Now let’s say that the government decides that a sector of widget makers (of variable quality) will be required to provide widgets to all comers. There will be long lines for people to get their cheap widgets. I can hardly wait for mine.

As soon as it becomes unprofitable for the rest of the medical profession to take care of people under the “fixed” system (think Medicaid), these patients will land at our doorstep. We seem to be scraping by for now, but we’re not a limitless container into which the government can pour the masses that have new insurance that no physicians (except us) will take. The long lines and intense dissatisfaction will cause those with money to find an alternative solution.

There will be a tipping point when hospitals can no longer remain public if they are to survive, and those patients with money will help them in their predicament. It will not be a cataclysmic bang.

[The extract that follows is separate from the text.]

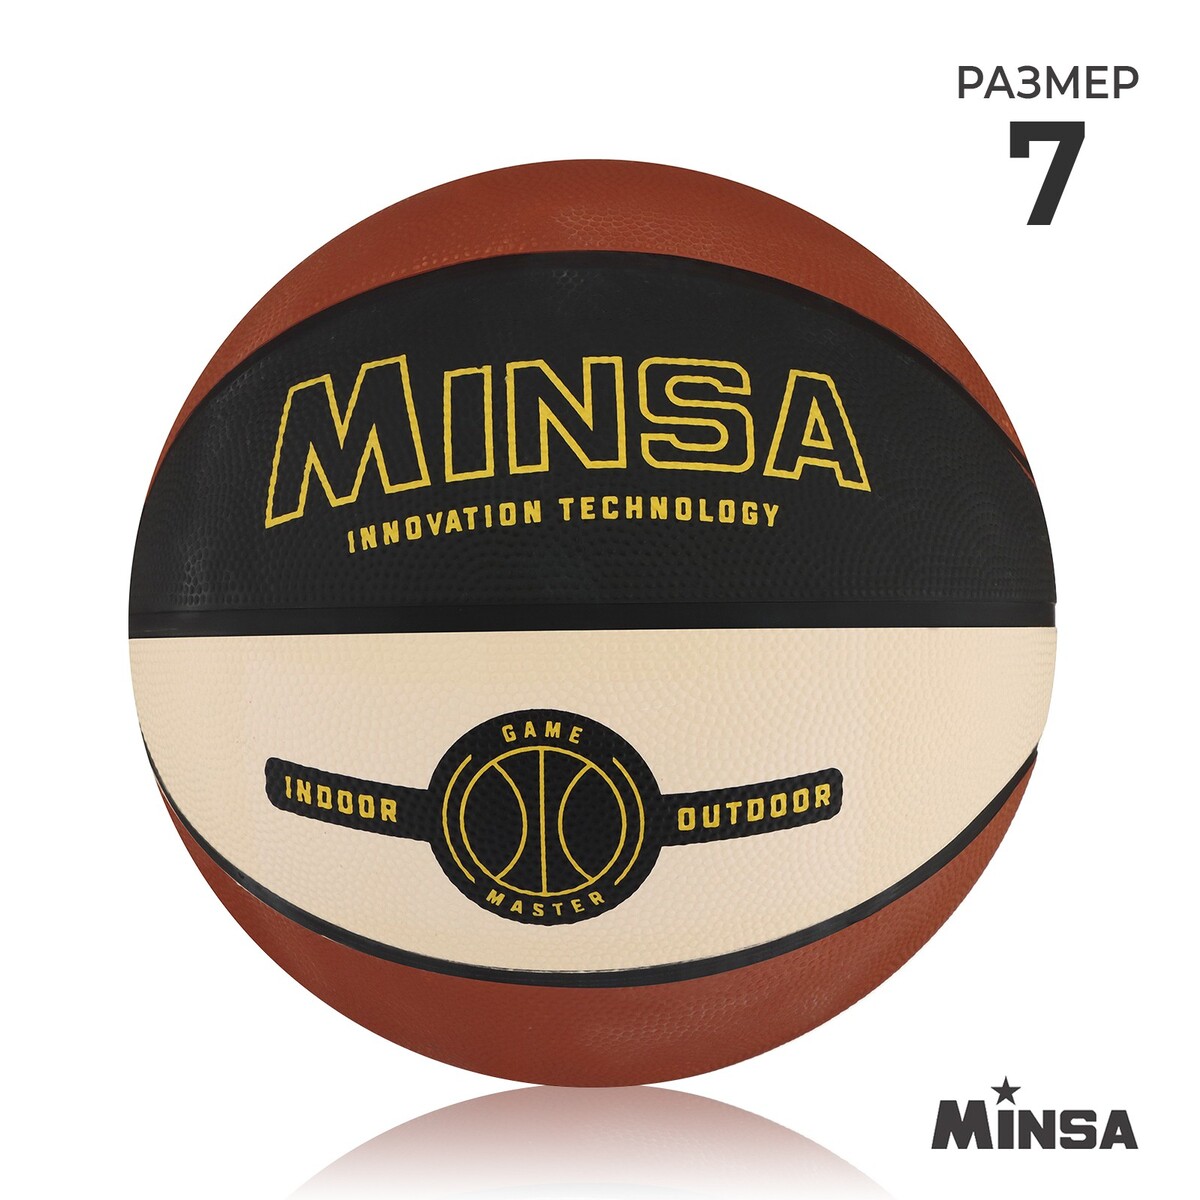 Мяч баскетбольный minsa, пвх, клееный, 8 панелей, р. 7 мяч баскетбольный minsa air power пвх клееный 8 панелей р 7

Instead, the two-tier system will be born gradually as some public hospitals quietly go private, and those people insured under the federal system are shoehorned into a shrinking supply of public hospitals.

What Congress often fails to consider is the ability of Americans to find a way around its schemes. The growth of organized crime after Prohibition is a good example. Now, I don’t expect there to be speakeasies for hip replacement, but ingenious people will find a way.

Private hospitals and private physicians will care for patients with private insurance in plush facilities that have the latest technology. The public hospitals left behind will barely survive on the meager funds in the federal system.

Too Orwellian to believe? Talk to anyone who has lived in Great Britain. This will happen, and people with money will be better for it. Those physicians who go “private” will also be better for it. The people Congress intends to help and those not rich enough to escape it will suffer terribly in an underfunded, two-tiered, health care quagmire fit for a Third World country.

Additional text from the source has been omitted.